Lawyers ask for clarity on when Covid probe will explore mental health impact

The chair of the Covid-19 Public Inquiry has faced calls to explain when the probe will examine the impact the pandemic had on mental health.

It comes after inquiry chairwoman Baroness Heather Hallett was accused of making a “U-turn” on the issue.

Mental health charity Mind had called for Module 3, which looks at how the pandemic affected healthcare systems, patients and healthcare workers, to explore the impact on wider mental health services, and not just inpatient psychiatric care for children.

After consideration, Lady Hallett ruled that the portion of the inquiry “cannot include the issue of the impact of the pandemic on adult mental health services within its broad provisional outline of scope and the hearing time available”.

Speaking at a preliminary hearing for Module 3 in London on Wednesday, Rheian Davies, head of legal at Mind, said that there were many “predictable” mental health issues during the crisis, adding: “There appeared not to be a public mental health plan to address what we say were these population health predictable issues. And why is that? And I say a perfectly proper question for this inquiry to examine.”

She said that the response from Government for the less predictable mental health issues “was not to learn lessons or intervene”.

Ms Davies also pointed to issues which arose in mental health inpatient and community services, including how people in hospitals were “locked in their rooms for five days at a time” and “denied access to showers”.

“Could this have been handled better? Is this something we could do different? These, we say, are perfectly proper questions this inquiry could answer,” she said.

“We want the Covid inquiry to succeed, we want its legacy to be that of a forward-looking inquiry that breaks with the tired tradition of excluding those of us with mental health problems because it’s often easier to do so,” Ms Davies said.

Adam Straw, representing John’s Campaign and the Patients Association, also called for clarity on when the impact on mental health will be explored.

“It’s not clear which module will examine this important issue, or why it doesn’t fit, most obviously, within this module,” he said.
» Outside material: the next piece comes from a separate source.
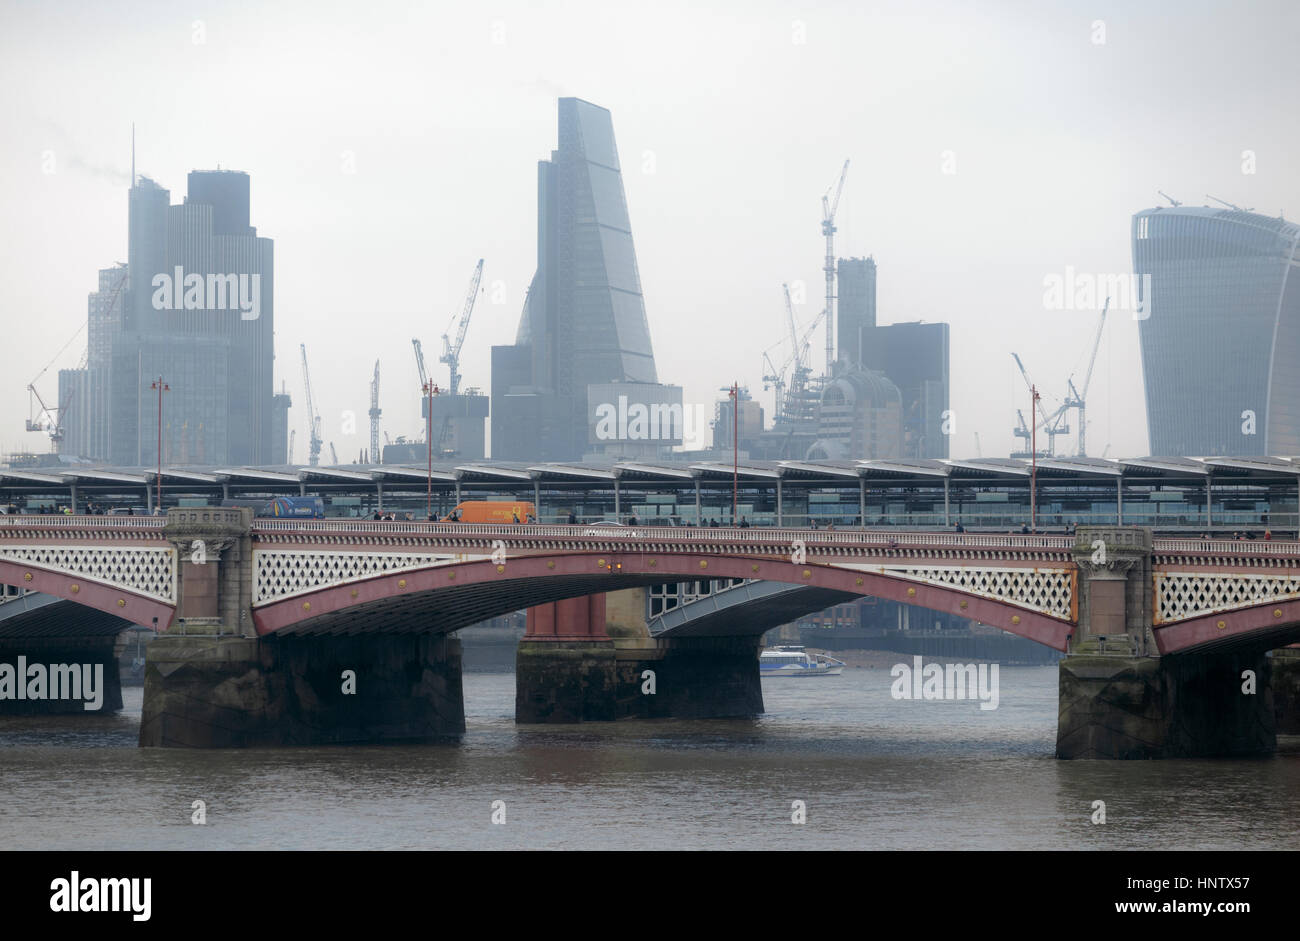 https://c8.alamy.com/comp/HNTX57/tower-42-cheesegrater-walkie-talkie-iconic-skyscrapers-on-the-city-HNTX57.jpg

At the end of the hearing, Lady Hallett said: “Because an issue is not included in a specific module does not mean the inquiry will not be considering it at all.”

“Please do not think that because you do not see the express words ‘X, Y, Z’ a specific module that means that X, Y, Z will not be considered.”

It comes after Mind, Rethink Mental Illness, the Centre for Mental Health, the Association of Mental Health Providers and other groups urged Lady Hallett to reconsider her ruling.

An open letter shared with the PA news agency said the “refusal” to examine the pandemic’s impact on mental health “risks failing the people with pre-existing mental health conditions who died at five times the rate of the general population”.

Covid-19 pandemic inquiry
Baroness Heather Hallett is overseeing the Covid-19 UK inquiry (James Manning/PA)

An inquiry spokesman said Lady Hallett “has explained that the inquiry will cover the pandemic’s impact on the mental health of the population throughout our investigations, including Module 3, as well as our UK-wide listening exercise, Every Story Matters”.

Meanwhile, lawyers at the preliminary hearing also raised concerns about so-called “spotlight hospitals”, facilities that have been selected to assist the inquiry in gathering evidence of the impact of Covid-19.

The inquiry sent requests to 22 hospitals across the country in order to gauge what steps were taken in response to the virus and the challenges they faced.

However, Pete Weatherby, who is representing the Covid-19 Bereaved Families for Justice group, told the probe he understands the approach and its design to “get a spread of evidence from across the UK” but urged “further consideration” on a number of “key issues”.

He noted that the selection of hospitals in Northern Ireland are in main cities, but not rural areas, while hospitals in Wales are located in the south, which Mr Weatherby said “excludes the health care experience from across the rest of the country”.

Speaking about the Welsh hospitals selected, Aswini Weereratne, representing Covid-19 Bereaved Families for Justice Cymru, said “large swathes of Wales – the rest of South Wales for example, north Wales and rural areas – are not covered by the selection made”.

Jacqueline Carey, lead counsel for Module 3 of the Inquiry, said: “The purpose of the spotlight is not to identify hospitals most severely affected by the pandemic.

“Nor was it to conduct an examination nation by nation, region by region, or hospital by hospital. It is not a comparative exercise comparing one hospital’s response against another, nor could it be.”